Star storytellers come to Tikvat Israel

Nupe Mehta tells the Tikvat Israel audience about finding his wife. Photo by Jared Foretek.

From the deeply personal to the downright silly, the tales — all true, the audience was assured — were told.

Nine storytellers spun them at Tikvat Israel Congregation in Rockville for its fifth annual True Stories event, all with skills honed on the emerging storytelling circuit, which features competitions across the country.

And the roughly 150 in attendance on Nov. 12, many of whom indicated they’d never been to a storytelling event before, seemed captivated.

Clarence Featherson, a lawyer and two-time finalist at the Toastmasters World Championship of Public Speaking, told a story about buying — and burying — a gerbil for his son, much to his wife’s dismay. Nupe Mehta, a doctor, told of the struggle to find a “guju” Indian woman to please his mother. His wife, Sarah, an economist (who turns out to be a “good Jew” rather than a “guju,” in Mehta’s words) then recounted the night they met playing charades.

There was also Jew-centric comedy. Yev Kirpichevsky, a weather analyst and part-time comedian, told the story of his Birthright trip and his terror that he’d be exposed for the bad Jew he was. When asked by Israeli security why Jews celebrate Chanukah, all he could do was quote the television show “Friends.”
“Meanwhile, the chick next to me is quoting from Deuteronomy,” he said.

But there were heartfelt stories as well. Addison Beaux, a transgender writer and communications employee at Stanford University, talked about recently transitioning.

“Basically, I’m going through puberty at age 41,” he said.

He told the story of meeting a bereaved mother at a New Jersey cemetery — he was there to see three generations of his family, and was video chatting with his mother for directions.

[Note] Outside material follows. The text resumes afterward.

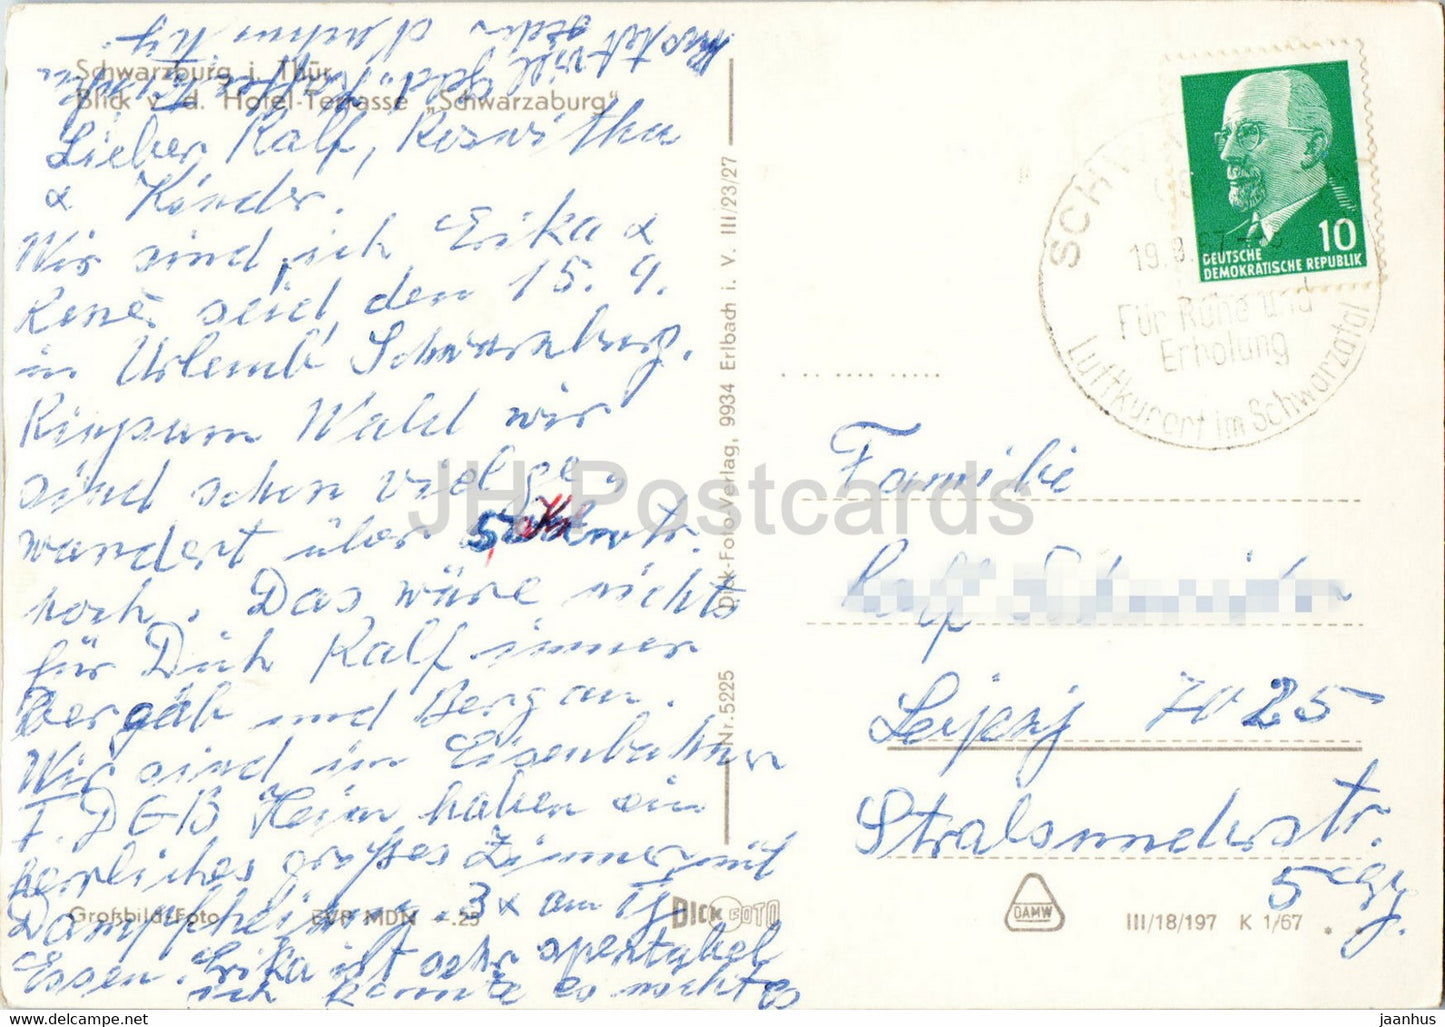 Schwarzburg i Thur - Blick vd Hotel Terrasse Schwarzburg - carte postale ancienne - 1967 - Allemagne DDR - utilisé

After speaking with the woman in the cemetery, she turned to Beaux’s mother on the phone and said, “You have such a nice son.”

Beaux, choking up slightly, said it was the first time his mother used the male pronoun when describing him: “She said, ‘Yes, he is.’”

John Melmed, a doctor and a member at Tikvat Israel, has been organizing the True Stories event since 2013. A TV crew was filming and, with the help of a local television producer, Melmed is hoping to get the show aired on PBS.

“The one thing storytellers like is an audience,” Melmed said.

Anne Thomas taught at the University of New Mexico School of Law in her first career. She specialized in the Americans with Disabilities Act, a subject close to her as she was partially paralyzed in a car accident at 18. She now works as a guest speaker and storyteller full time.

At Tikvat Israel, she described searching for an accessible bathroom on a road trip in Espanola, N.M. A McDonald’s had all the right signage but no accessible bathroom. When the owner tried to explain that his franchise had been “grandfathered in,” Thomas assertively explained that, in fact, that wasn’t possible.

She left in a huff and “found a bathroom fit for royalty … at Burger King,” she said.

Soon after, Thomas learned that after she left the owner had made an insulting joke about people who are disabled. When she ran into the McDonald’s regional director at a conference, she shared some choice words.

Days later, the franchise owner came to her office, “cowboy hat literally in hand,” Thomas said.
“I’d like to think I’m a bigger man that,” he told her.

“Well,” Thomas replied, “now we both know that you aren’t.”